One Year In, Topping Rose House Finds Success by Staying Local

Tom Colicchio’s Topping Rose House restaurant is currently celebrating its first anniversary. Already it’s hard to remember what it was like before this destination farm-to-table restaurant opened in the Hamptons’ traditional breadbasket, Bridgehampton.

The 22-room inn and spa that’s attached to the restaurant opened this summer. It’s proved as popular as the local fare. I haven’t yet had the pleasure of staying in the inn, but I have enjoyed several meals at Topping Rose. The bar and restaurant have quickly become the go-to gathering place for area organizations’ events. When I dined at Topping Rose last November, the private dining hall was booked for a real estate office’s party.

If you just pop in for drinks, my husband and I can recommend a glass of the house Sancerre or the dry white house wine or the “Southside,” featuring Death Door gin and local mint—just the perfect hint of mint, in fact. No matter what you pop in for, don’t miss the cheese plate. It’s outstanding!

Topping Rose is Colicchio’s first foray into hospitality beyond dining. I understand that he stays there regularly and often heads out to fish the local waters. Colicchio maintains a home in Mattituck on the North Fork, as well as in the city. I chatted with Colicchio and his Chef de Cuisine Ty Kotz about Topping Rose last fall. Both were breathless with excitement about the place—mainly about the fact that they have their own one-acre garden to draw from for the menu. Colicchio stressed that many of the menu items he’s developed for Topping Rose are “very different” from anything he’s done in the past. He told me that younger chefs like Kotz inspire him to continue striving. Kotz sometimes takes his young daughter to visit the garden—she loves it. Looks like another foodie generation is growing in Bridgehampton.

Shrimp at Topping Rose House

Shrimp at Topping Rose House, Photo: Stacy Dermont

I’ve visited the garden several times with gardener Jeff Negron of The Growing Seed. It’s a miraculous place. Negron took the lot from field to garden in just a couple of months, providing Topping Rose’s first crop of signature baby carrots and fresh greens and radishes last fall. Now all manner of vegetable is flourishing there. You can’t beat Bridgehampton Loam for horticulture. On the plate, I’ve found the fresh peas a tad too fresh at times for me—I’d like them cooked a bit more, ditto the raw beet greens. But I’m happy to ride along with Kotz and Colicchio on culinary adventures.

Of course, Topping Rose also buys local produce from local farms, including Dale & Bette’s Organique, which is located just down the Sag Harbor Turnpike.

Vegetables are the star attractions here, with the proteins playing second fiddle. Colicchio was one of the first big-name chefs to launch this refocusing as a trend in dining. But do get the roasted lobster—it’s very flavorful. I’m not big on sweet entrées but I quite liked the ravioli with goat cheese and truffle honey. I appreciate that I had the option to order it as a small plate—which allowed me to try more dishes.

And it’s not just the veggies that are local—Topping Rose serves wines from Wölffer Estate, Sparkling Pointe, Macari, Pamaunok Vineyards, Grapes of Roth and Leo Family alongside selections from Napa, France and Germany (as well as their own Topping Rosé by Lieb Cellars). Other local purveyors include the North Fork’s Long Island Mushroom Inc. and Catapano Dairy Farm, Multi Aquaculture Systems of Amagansett and many more.
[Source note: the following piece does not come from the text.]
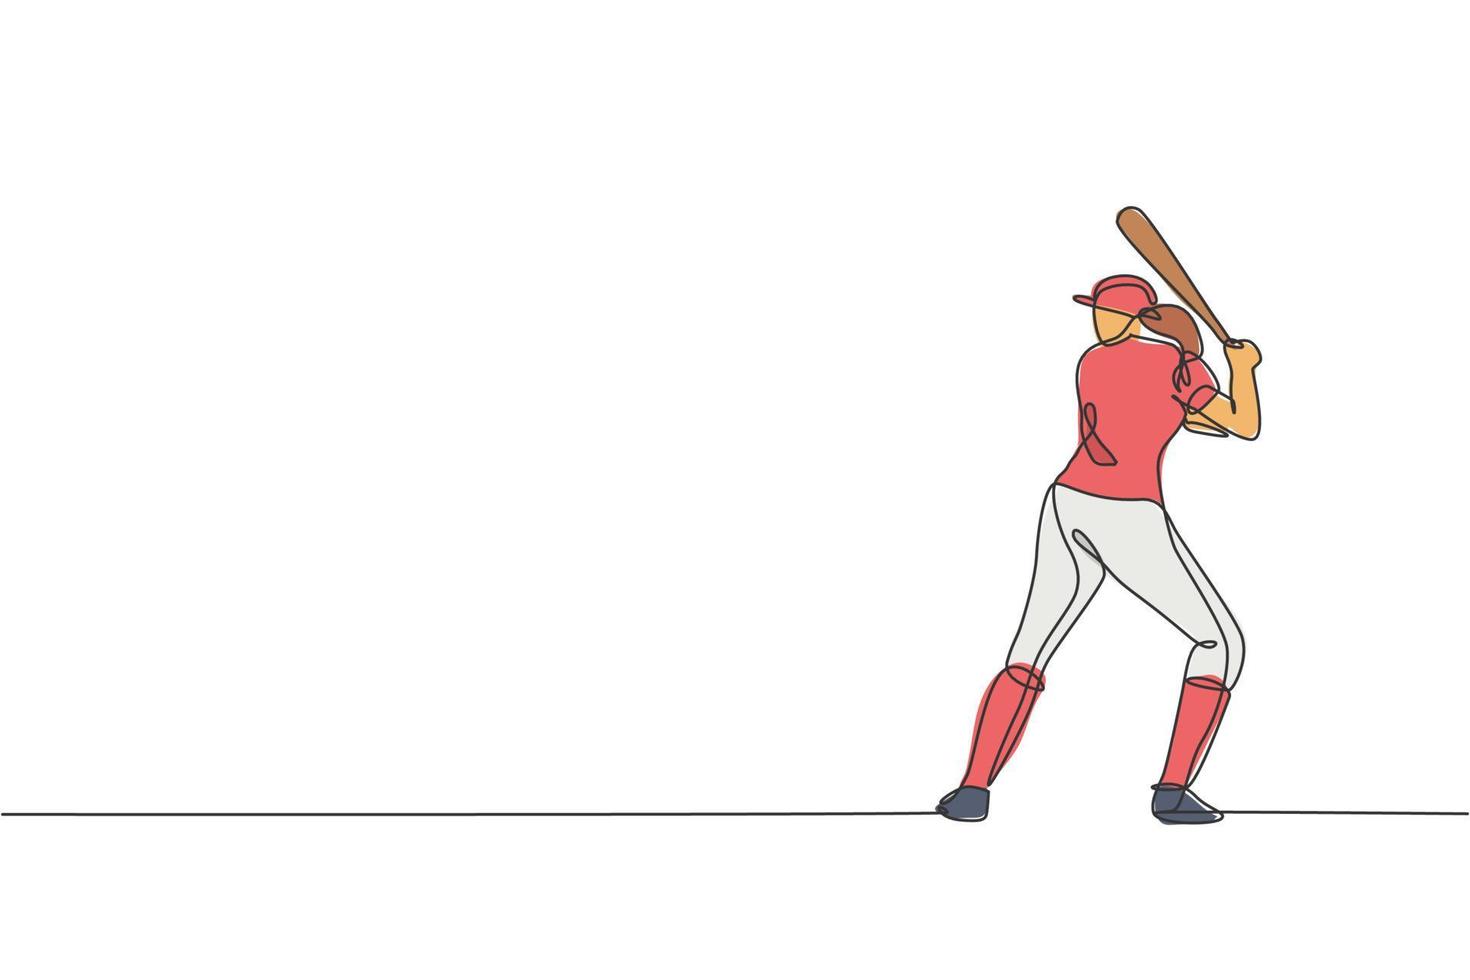 um desenho de linha contínua de prática de jogador de beisebol desportiva jovem para bater a bola no campo. conceito de esporte competitivo. ilustração vetorial de desenho de linha única dinâmica para cartaz de promoção vetor

In addition to breakfast, lunch and dinner,  Topping Rose offers a full brunch open to the public. I’m quite fond of pastry chef Cassandra Shupp’s granola—so I’ll try to check out brunch soon.

I appreciate that Shupp’s adorable lemon meringue tart is nicely tart, served with vanilla ice cream and blueberry sauce, it was spot-on. Her cheesecake with strawberries and almonds? Perfecto.